Never before, had he experienced such happiness; but we are not sure if he chooses not to write of his sadness to not distress his friend Marion Scott. He writes mostly about his friends and only vaguely about the conditions in the trenches: “Where and How, I may not say; bang in the front seat we are…But O what luck! Here I am in a signal dugout with some of the nicest young men I have ever met”. In his poem “Pain”, Gurney inspires his work from what he sees: such descriptions cannot be made up: they can only be seen; the title also depicts how Ivor Gurney felt during the war in February 1917. “An army of grey bedrenched scarecrows in rows […] Till pain grinds down, or lethargy numbs her” from the poem “Pain” greatly expresses Gurney’s feelings at that time. Gurney also feels like a child at school, he writes to a friend at the start of February 1917 and explains the cleaning-up inspection: “When the R.S.M. came around, he chuckled and said, ‘Ah Gurney, I’m afraid we shall never make a soldier of you;’ “. We also know that the trenches weren’t nice at that time, as the book describes it: “they would had noticed a big contrast with the trenches”, “In places, there was no sign of organised trenches, just shell holes
joined up to one another”. Although the 2nd/ 5th Gloucesters (including Ivor Gurney) missed the slaughter of Somme, they still were unfortunate to have to live in the remains. When they were “in the line”, Gurney wrote to Marion: “we suffer pain out here, and for myself it sometimes seems that death would be preferable to life”; he obviously is anxious to leave the trenches and his moral seems very low. I think that we can deduct again that Gurney only liked being with his friends but did not like the trenches, probably nobody did!
Generalisation 3
Ivor Gurney’s letters and poems can only tell us about Ivor Gurney.

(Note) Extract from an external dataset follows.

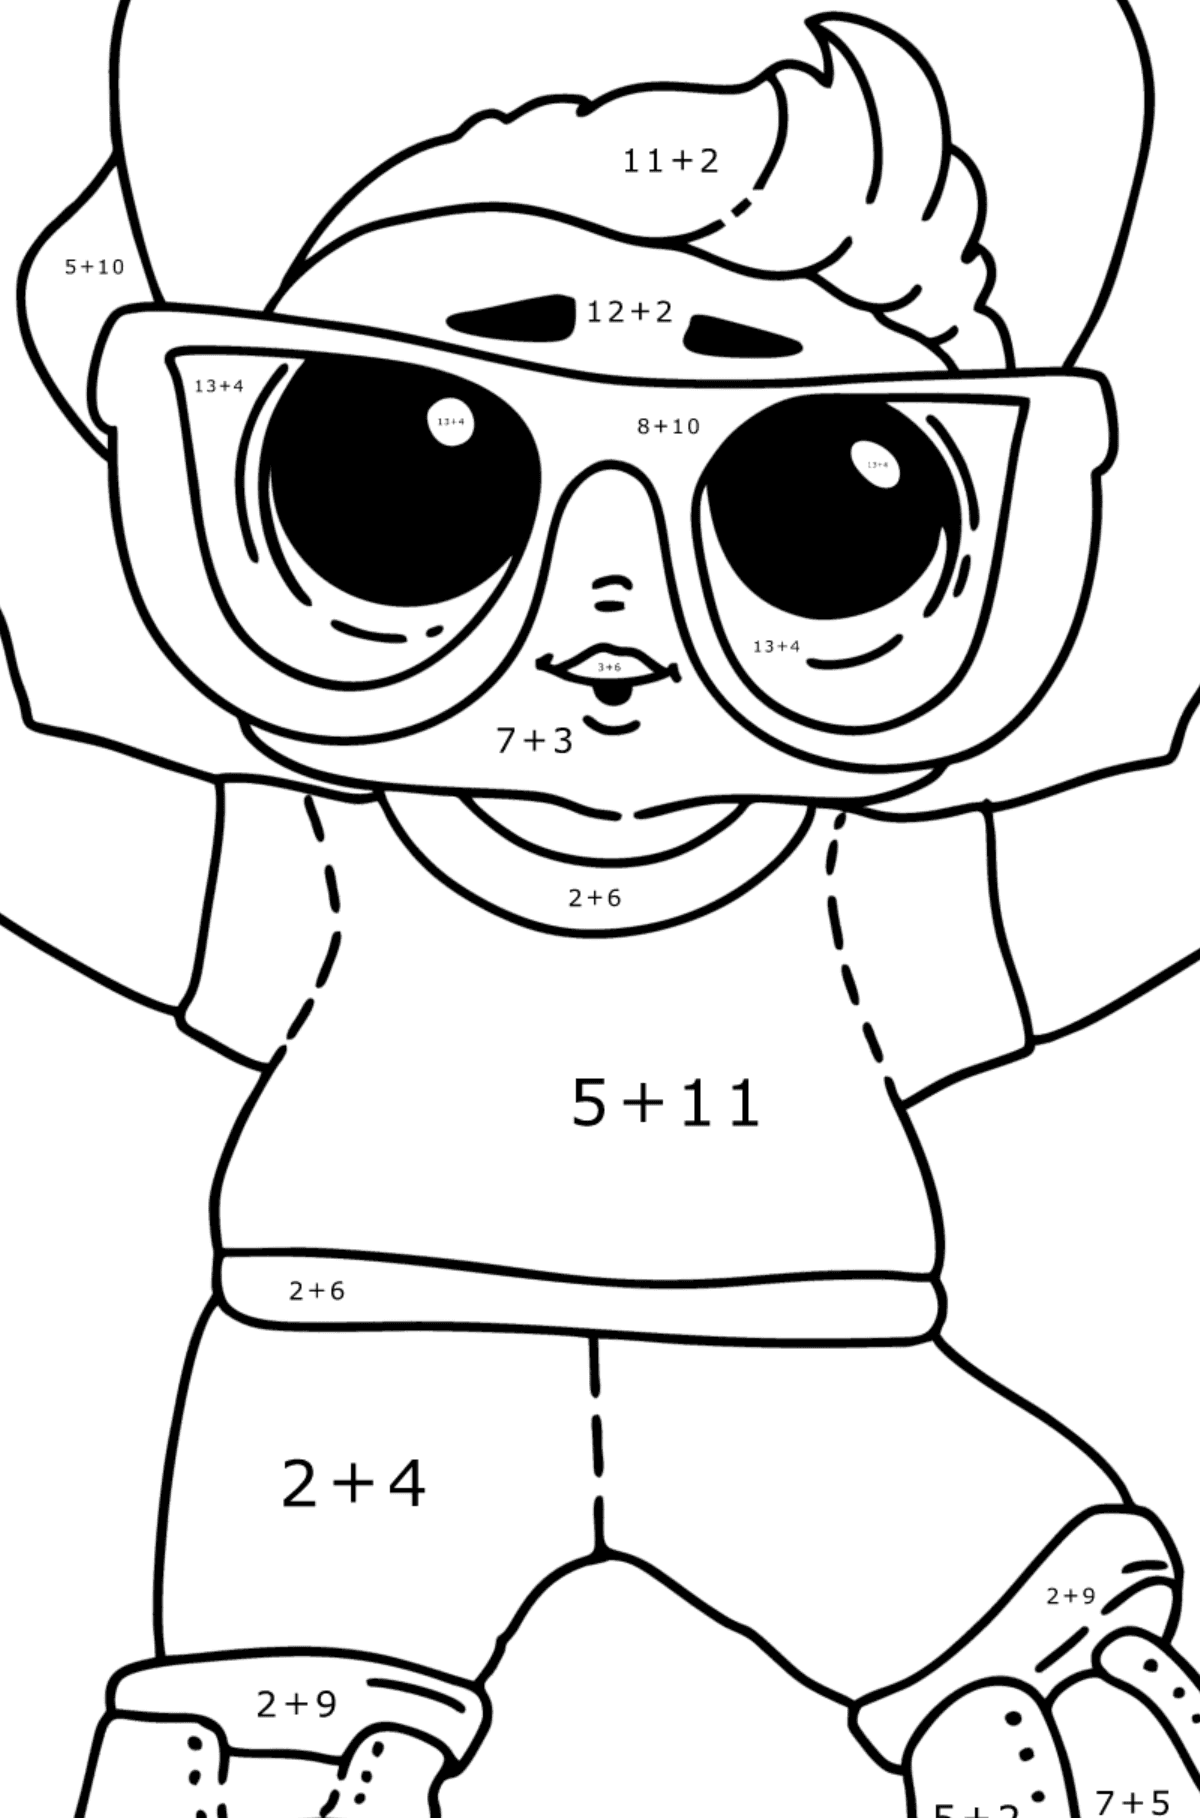 Coloring page LOL boy Next Door - Math Coloring - Addition for Kids

This may be true, but it is very possible that the other soldiers alongside Ivor Gurney shared his views and opinions. We cannot be sure that the other militaries thought and acted the same way: some entered the war for different reasons, some were even used to those conditions. If so, the war wasn’t such a great shock and they may have enjoyed it. Unfortunately it is possible that maybe a few entered the war because they were bloodthirsty and enjoyed the sight of dead and injured people. Even so, we can probably rely on the letters to portray the feelings of the other men in the war as well as Gurney’s. Many of the men sent letters to their wives, girlfriends, mothers and women they were friends with so they probably didn’t want to scare them with the horrors of the war, therefore didn’t describe fully how bad it was. So I think that Ivor Gurney, like the other soldiers felt the same way about the war.